Tax Credits Extended
Under this new act, tax credits that were scheduled to expire have been extended. Some of these include the deduction school teachers receive for supplies they purchase during the school year. The American Opportunity Tax Credit was extended. The Enhanced Earned Income Credit was also an extended under this act.
Taxpayers can make tax free distributions from their IRA accounts. This applies after the taxpayer has reached the age of 70 ½. Taxpayers can contribute up to $100,000 a year.
Healthcare Provisions Paused
A moratorium was placed on certain parts of the healthcare act. The moratorium was placed on the excise tax associated with certain medical devices and the excise tax associated with certain high cost healthcare plans.
Changes to Individual Taxpayer Identification Numbers
Individual Taxpayer Identification Numbers (ITINS) are issued to people that need to file a tax return but do not qualify for a social security number.

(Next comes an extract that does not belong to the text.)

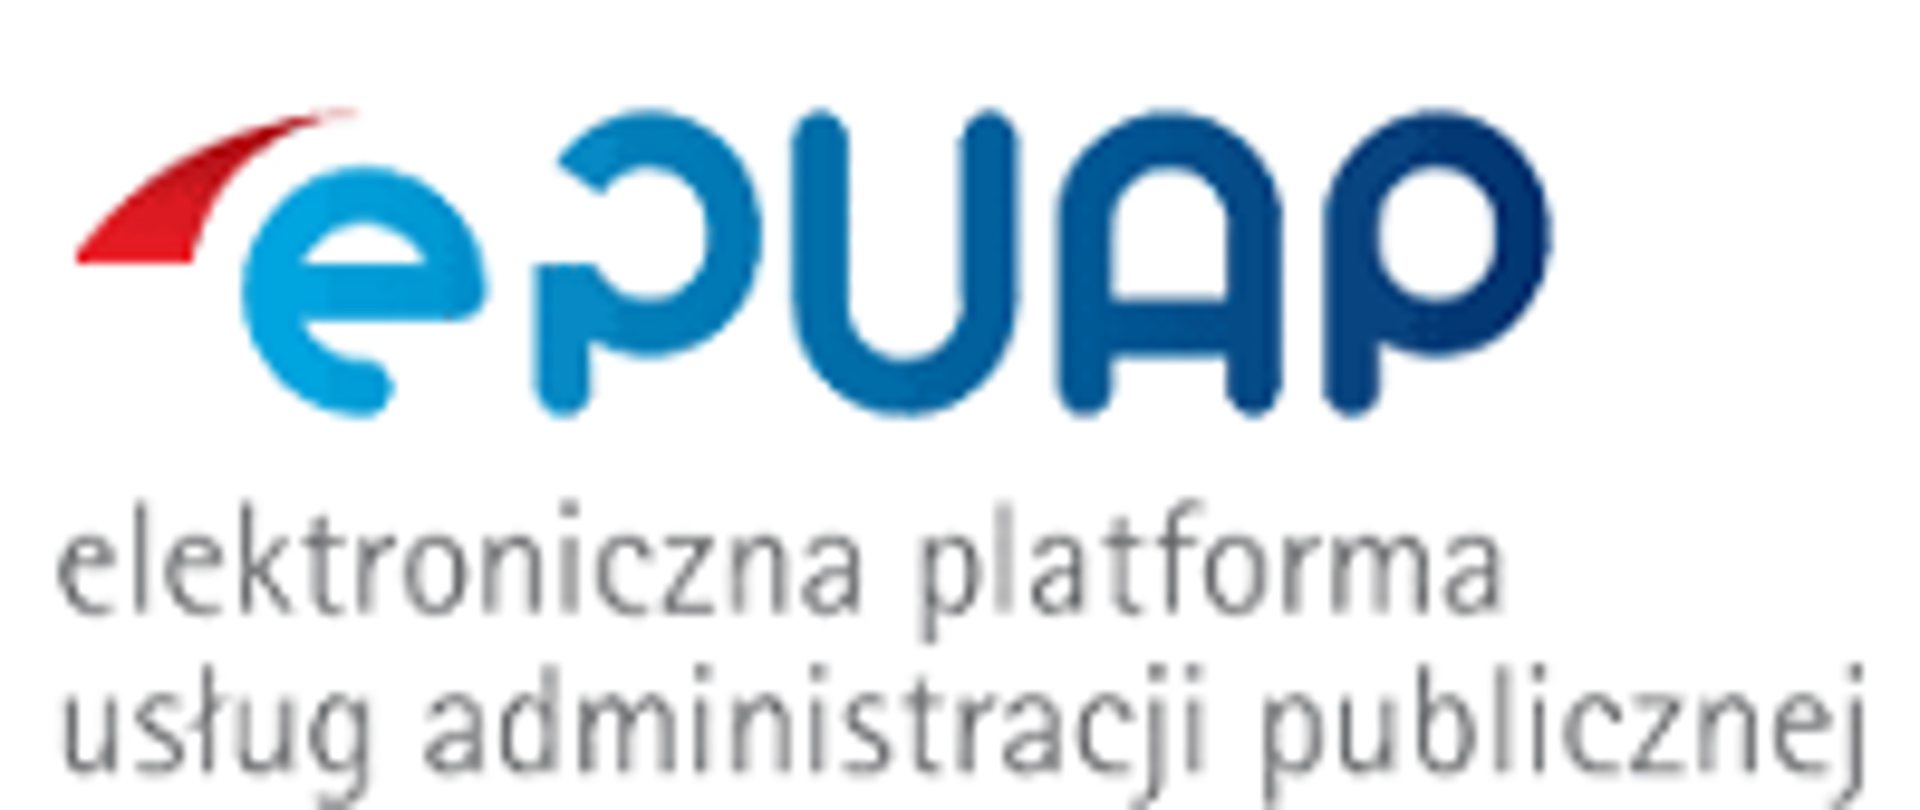 elektroniczna platforma usług administracji publicznej
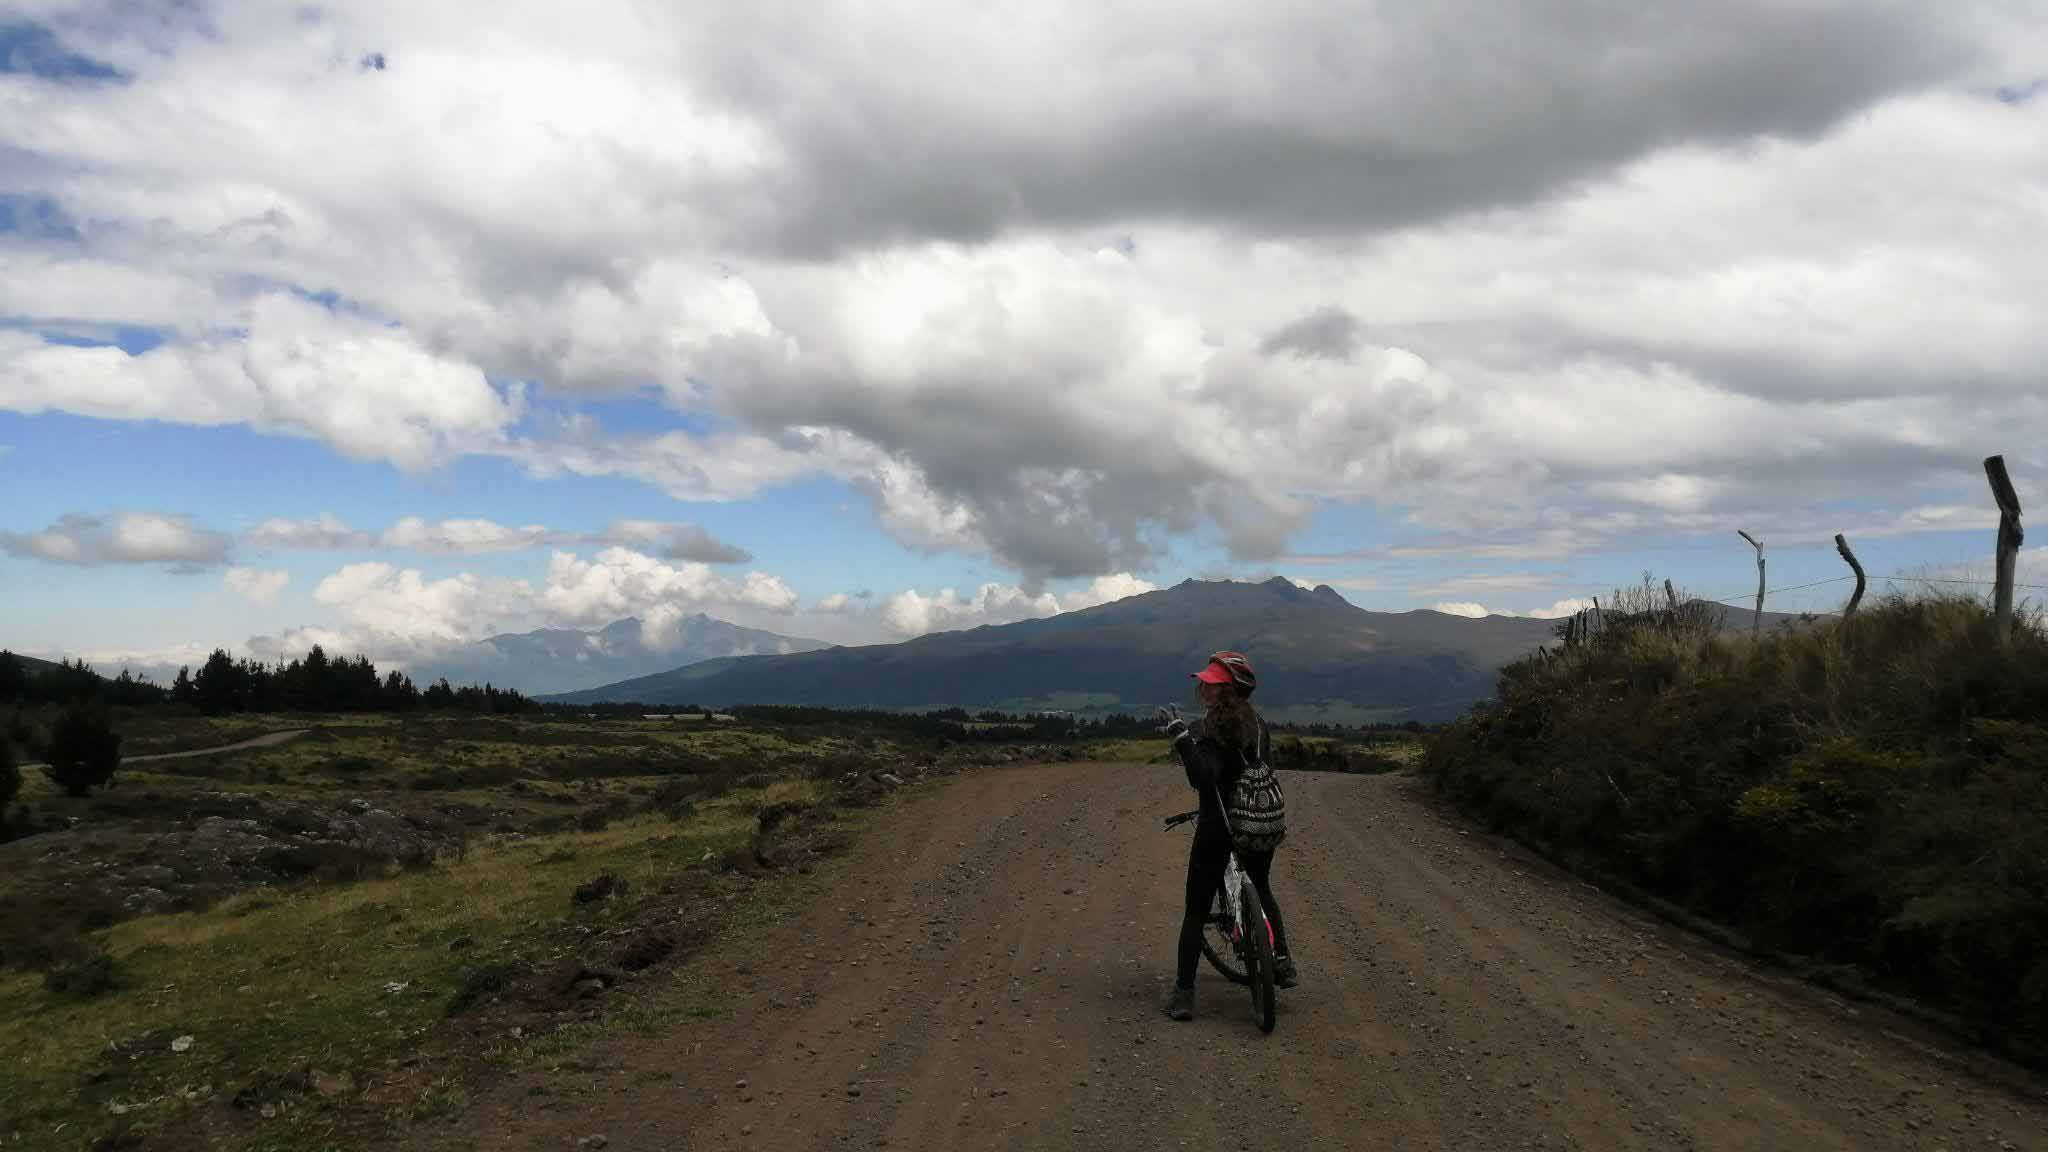 Cotopaxi downhill biking and climbing trip

Under the old rule, ITINs would expire after they hadn’t been used for five years. What has changed is that if the taxpayer’s number was issued prior to January 1, 2013, the number will expire on a staggered schedule. If the taxpayer’s number was issued after December 31, 2012, the number will expire if it is not used on a return in three years.
Changes in tax laws can be beneficial. Some of these changes will help you get more money when tax time comes. Check with your tax professional or accountant to see how these new rules will affect you during the next tax season.